The optimistic view is that we are in a process of creative destruction which will eventually settle down, with surviving companies slimmer and more efficient; innovative new firms born from the ashes; and a happier and more productive workforce.

"We're still optimistic for the underlying economic situation," says Ms Dent.

Campbell Mickel has shut two of his three businesses in Edinburgh
Campbell Mickel has shut two of his three businesses in Edinburgh

Campbell Mickel is not convinced. He has shut two of his three businesses in Edinburgh - a fishmonger's and a restaurant - and doesn't see any immediate respite.

Waiting for a delivery of octopus and squid outside his remaining fish shop in Marchmont, he insists Brexit is to blame for cutting the pool of young foreign students willing to work in the UK.
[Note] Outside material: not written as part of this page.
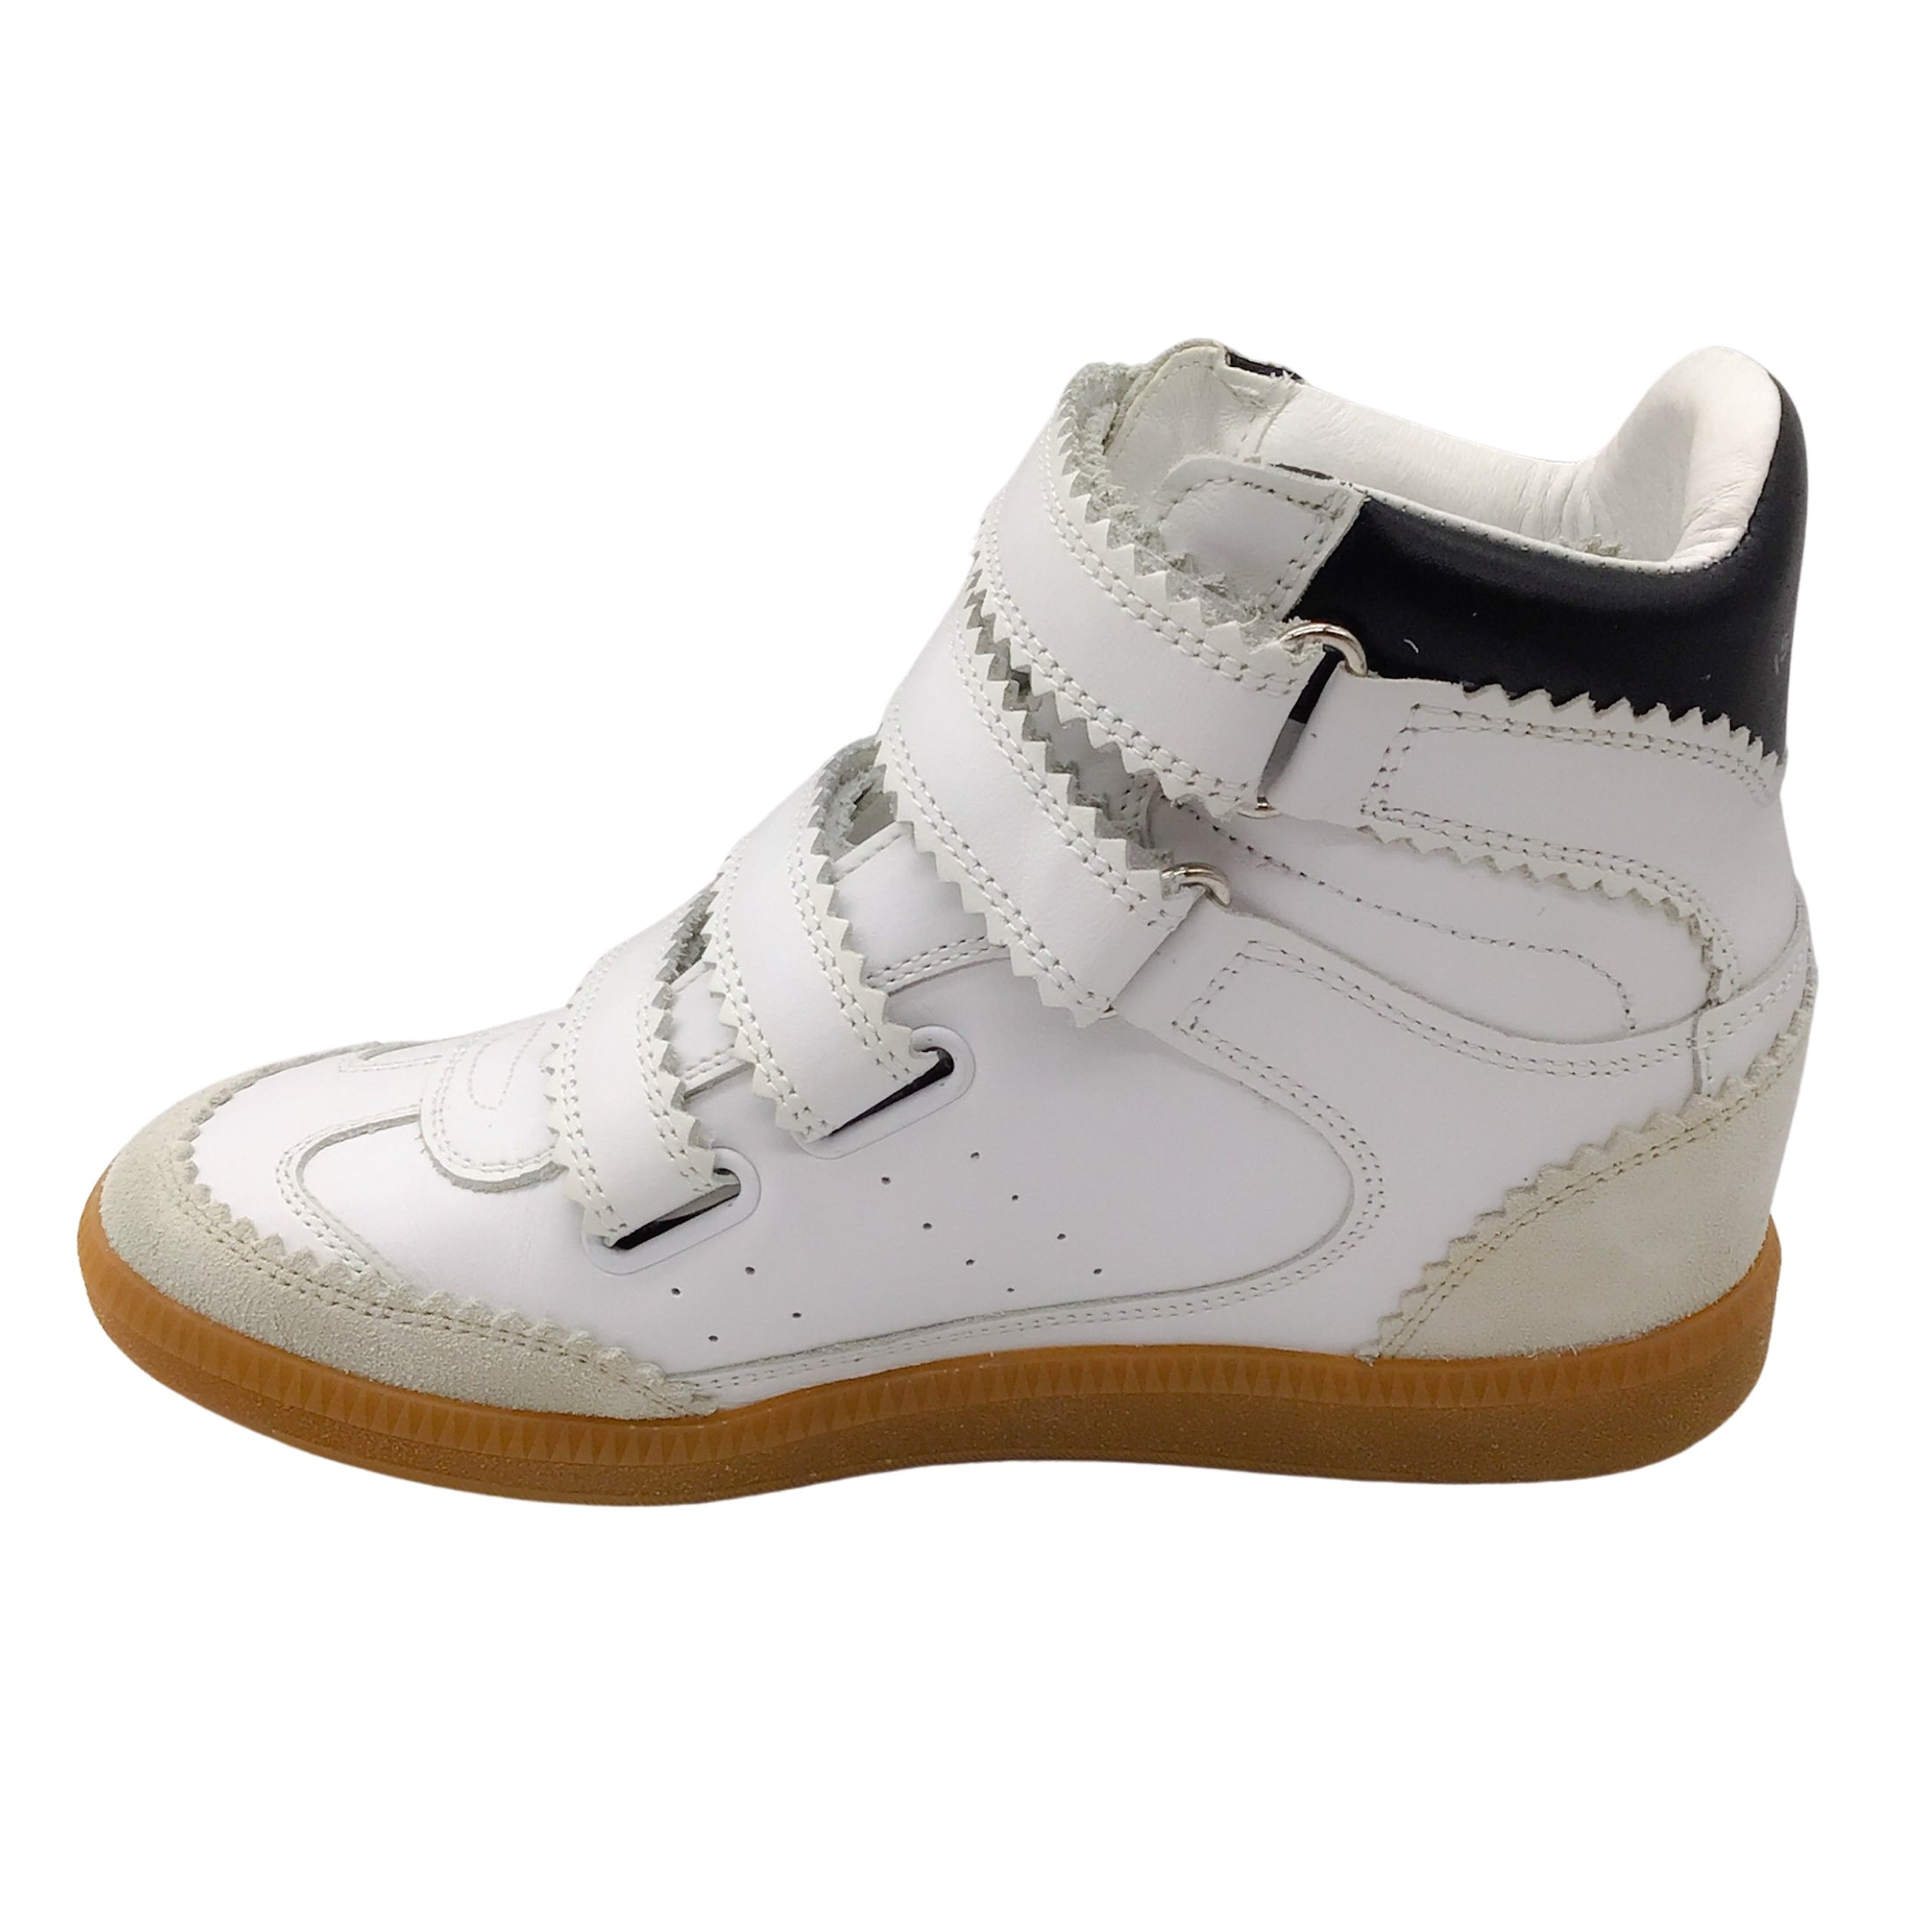 Isabel Marant Bilsy White / Black Suede Trimmed High Top Leather Sneakers
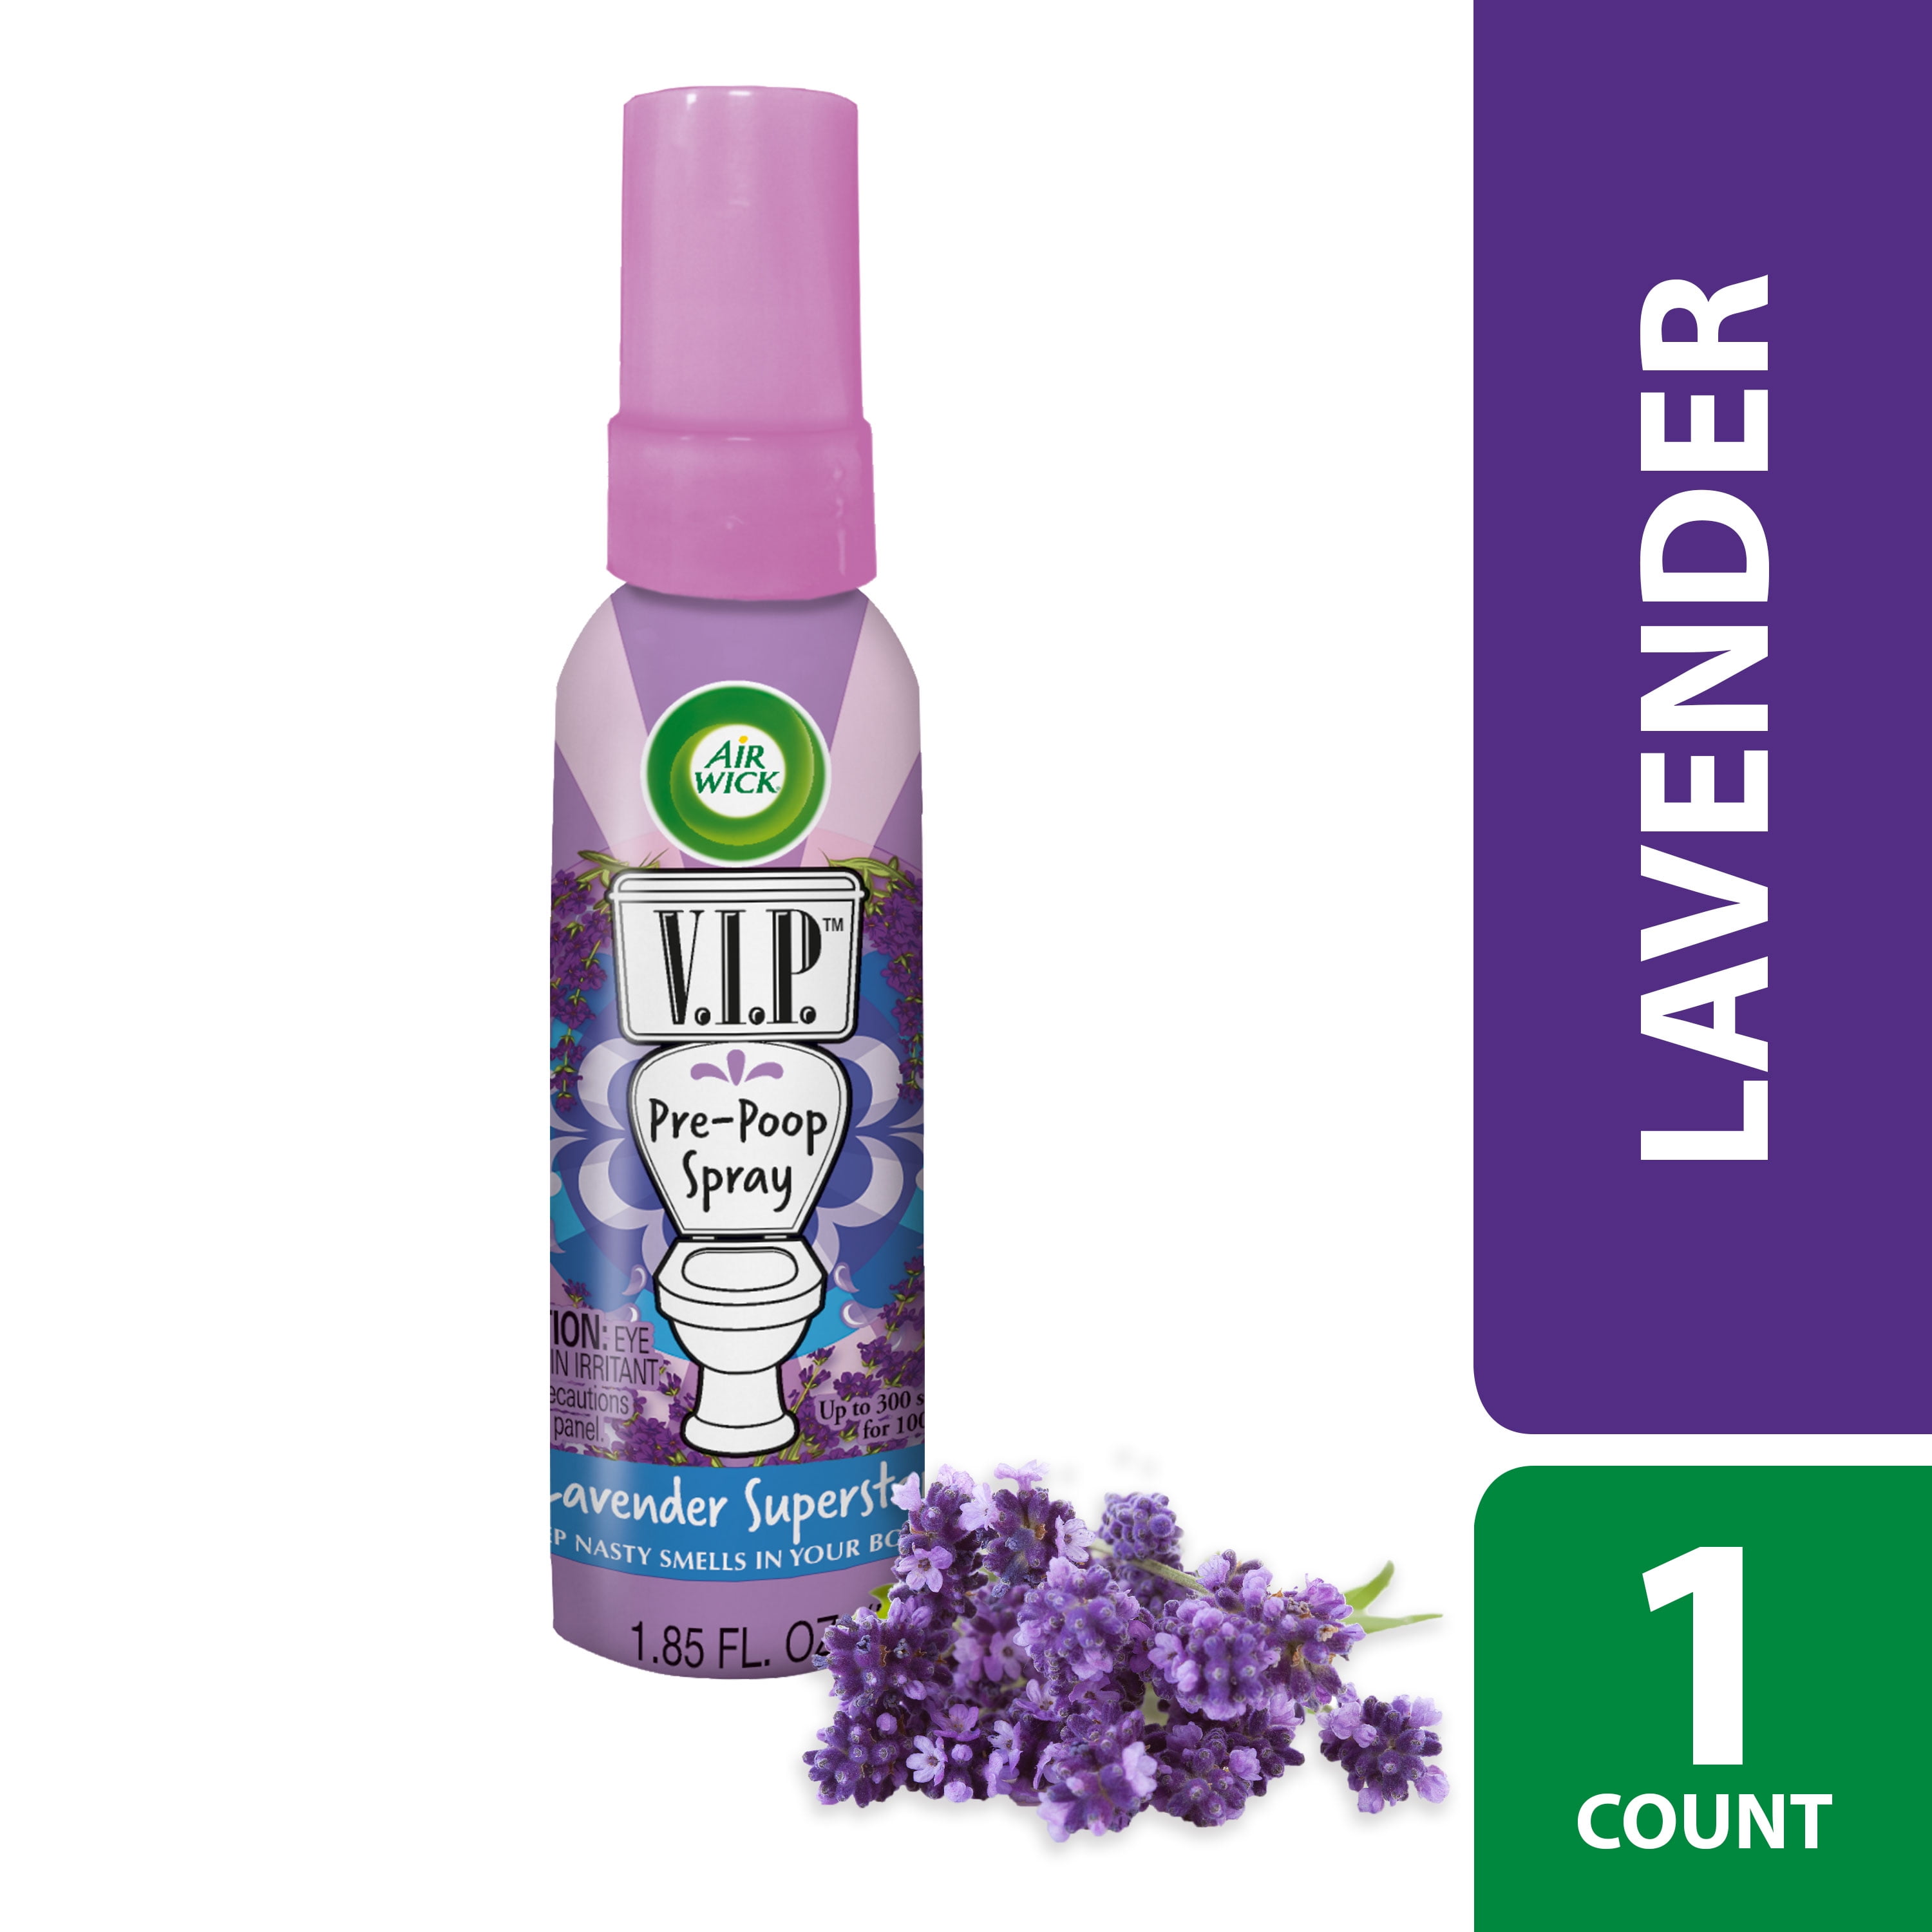 Air Wick V.I.P. Pre-Poop Toilet Spray, 1.85oz, Lavender Superstar Scent, Up  to 100 Uses, Travel size, Contains Essential Oils

"We need the Spaniards and the French and the Portuguese," he says, insisting that the students he used to employ worked hard, contributed to society and paid their taxes.

"They didn't come over here to sit on their butts," he says.

"I don't care how much 'Dunkirk spirit' we put behind this," he says, scathingly. "This is a catastrophic failure. They have to open the borders."

Pix of a pig on Robin’s farm.

Agriculture is also facing a labour shortage and inflationary pressures, according to Robin Traquair, vice-president of the National Farmers Union of Scotland, who owns a pig farm near Dalkeith, Midlothian.

The animals eat wheat and barley which have risen in price plus there is a shortage of abattoir staff, which means pigs staying in their pens for longer.

"Not only are pigs being held back," says Mr Traquair, but while they are on the farm "they're eating more expensive food".

The UK government insists it is trying to help. A spokesperson told the BBC it was "maximising the benefits of Brexit through our points-based immigration system," with "butchers, processors and dressers...all eligible for the Skilled Worker visa route under the new system."

Ministers were "helping people across the country retrain, build new skills and get back into work," the spokesperson added.

Mr Traquair accepts that the solution to some of the shortages may lie in Scotland but he reckons that will come at a cost.

"Longer term, we're going have to train people up, local people," he says, adding "the consequence is that there will be food price inflation."